Files

The files indexer allows you to index content of files from the file system. Currently the indexer supports indexing of the following files: : PDF, DOC, PPT, XLS, DOCX, PPTX, XLSX.

Note: Until version 1.2 only PDF and PPT files could be indexed.

  • directory based (with FAL support)
  • content based with FAL suppport

System requirements

  • For PDF indexing you will need to have the external tools „pdfinfo“ and „pdftotext“ installed (in Ubuntu Linux they come with the package poppler-utils).
  • For PPT indexint you will need to have the external tool „catppt“ installed (in Ubuntu Linux it comes with the package catdoc).

Please use the extension manager settings to tell ke_search the filepaths where to find these tools.

Directory based file indexer with FAL support

You can specify the folders ke_search should index.Since the files are indexed directly from the file system, there’s no access check! Please make sure only public content is in the folders you make searchable.

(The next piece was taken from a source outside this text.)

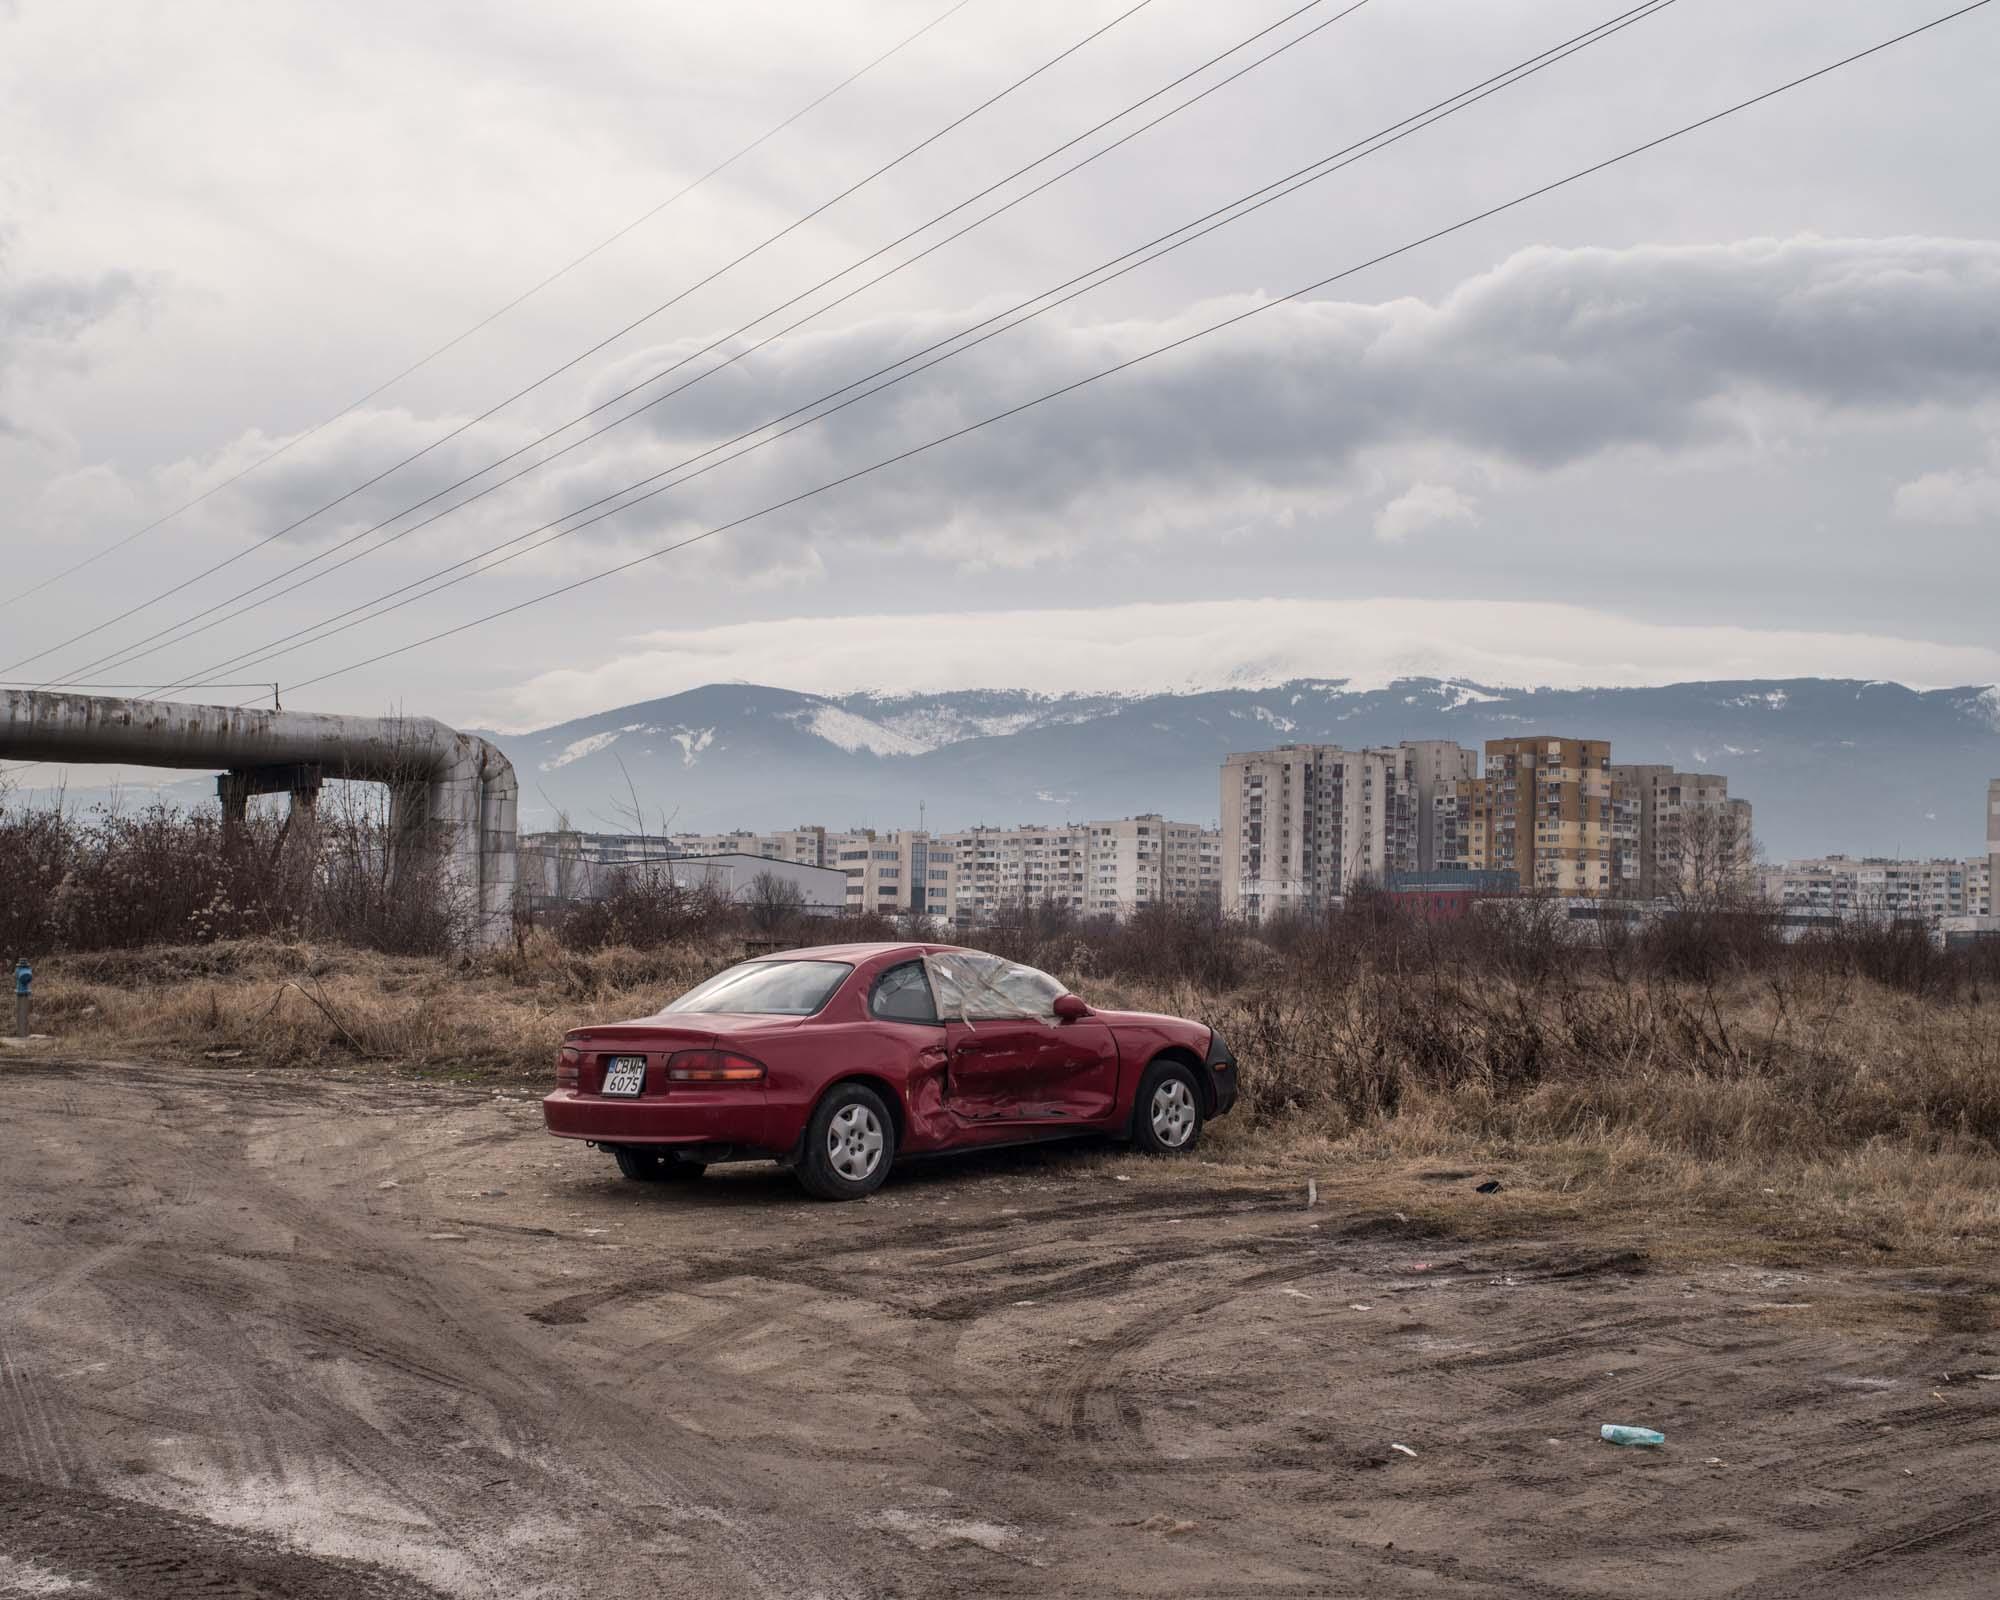 Φωτογραφία του Γιάννη Αντωνόπουλου, νικητή του Βραβείου Athens Photo World 2019, από την δουλειά «South East of Eden»
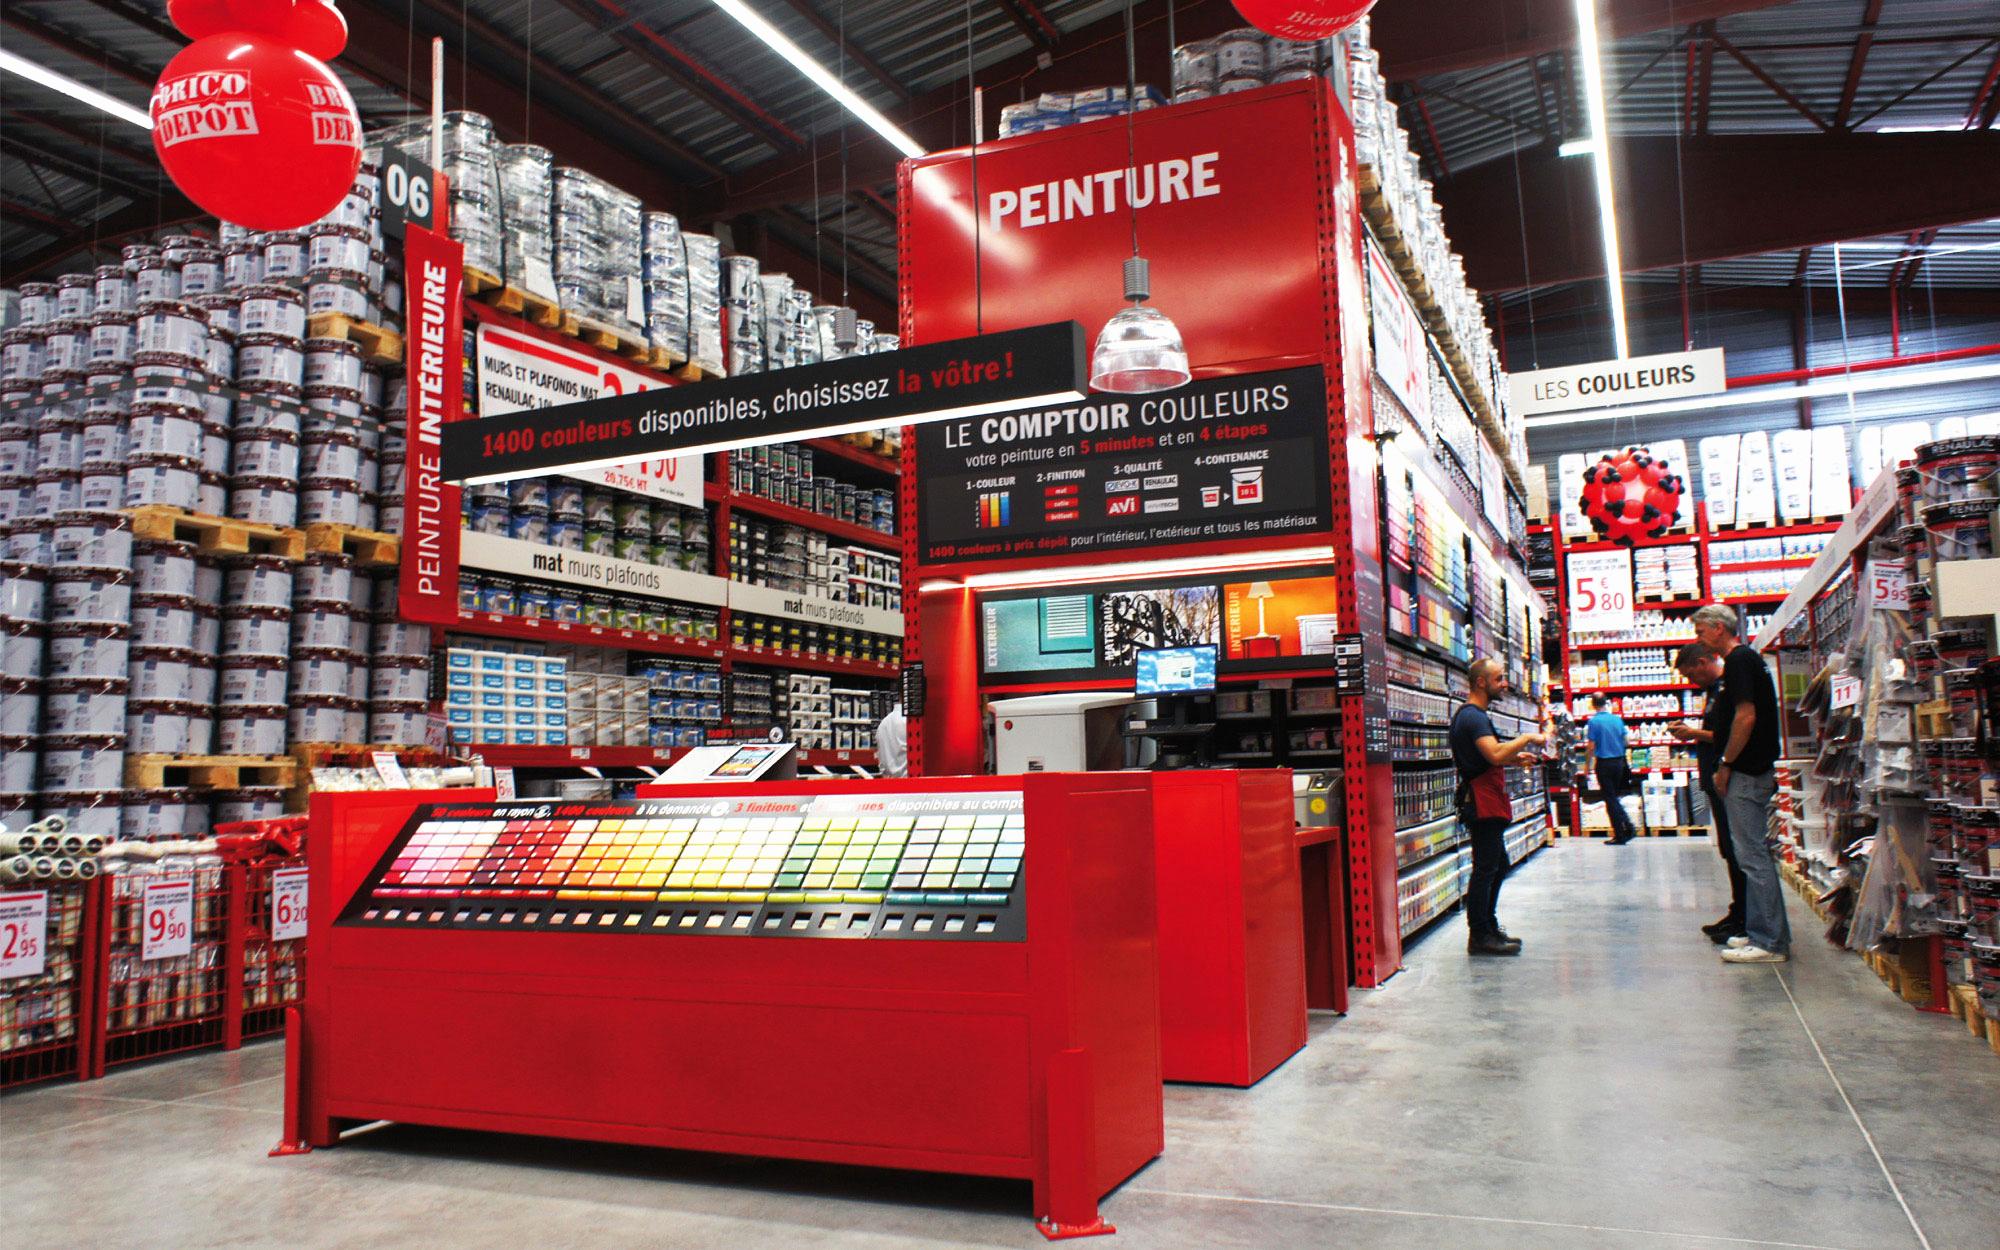 Peinture Bricot Depot Meilleur De Collection Brico Depot Peinture Facade Inspirant Brico Depot Abri De Jardin

You can select a FAL storage from where you want to index files. If you do so, FAL metadata will be indexed. Categories will be used to generate tags (like in the news indexer), this makes it possible to do facetting over files.

Configuration:

  • Set a title (only for internal use).
  • Set the record storage page of search data your search data folder.
  • Set the type to „Files”.
  • Select FAL storage or select “Don’t use FAL”.
  • Select one or more directory which contain your files to be indexed. They have to be subdirectories of „fileadmin/“. If you selected a FAL storage, the directories must be subdirectories of your storage.
  • Enter the list of allowed file extensions. Only files with extensions the indexer supports will be indexed. If you use FAL indexing, you can also provide other filetypes, eg. JPG. From these files the metadata will be indexed.

Content based file indexer with FAL support

This indexer detects files while indexing pages and content elements and indexes the files automatically. Supported content element types are “Text” / “Text with image” and “Filelinks”.

Just create an indexer configuration of type “pages” or “content elements”. Indexing of files will take place automatically.

File types which should be indexed can be specified in the indexer configuration. Leaving the field empty will have the effekt that no files will be indexed.

Content restrictions from the linking content elements will be taken into account.

FAL metadata will be indexed. Tags will be generated from categories (like in the news indexer).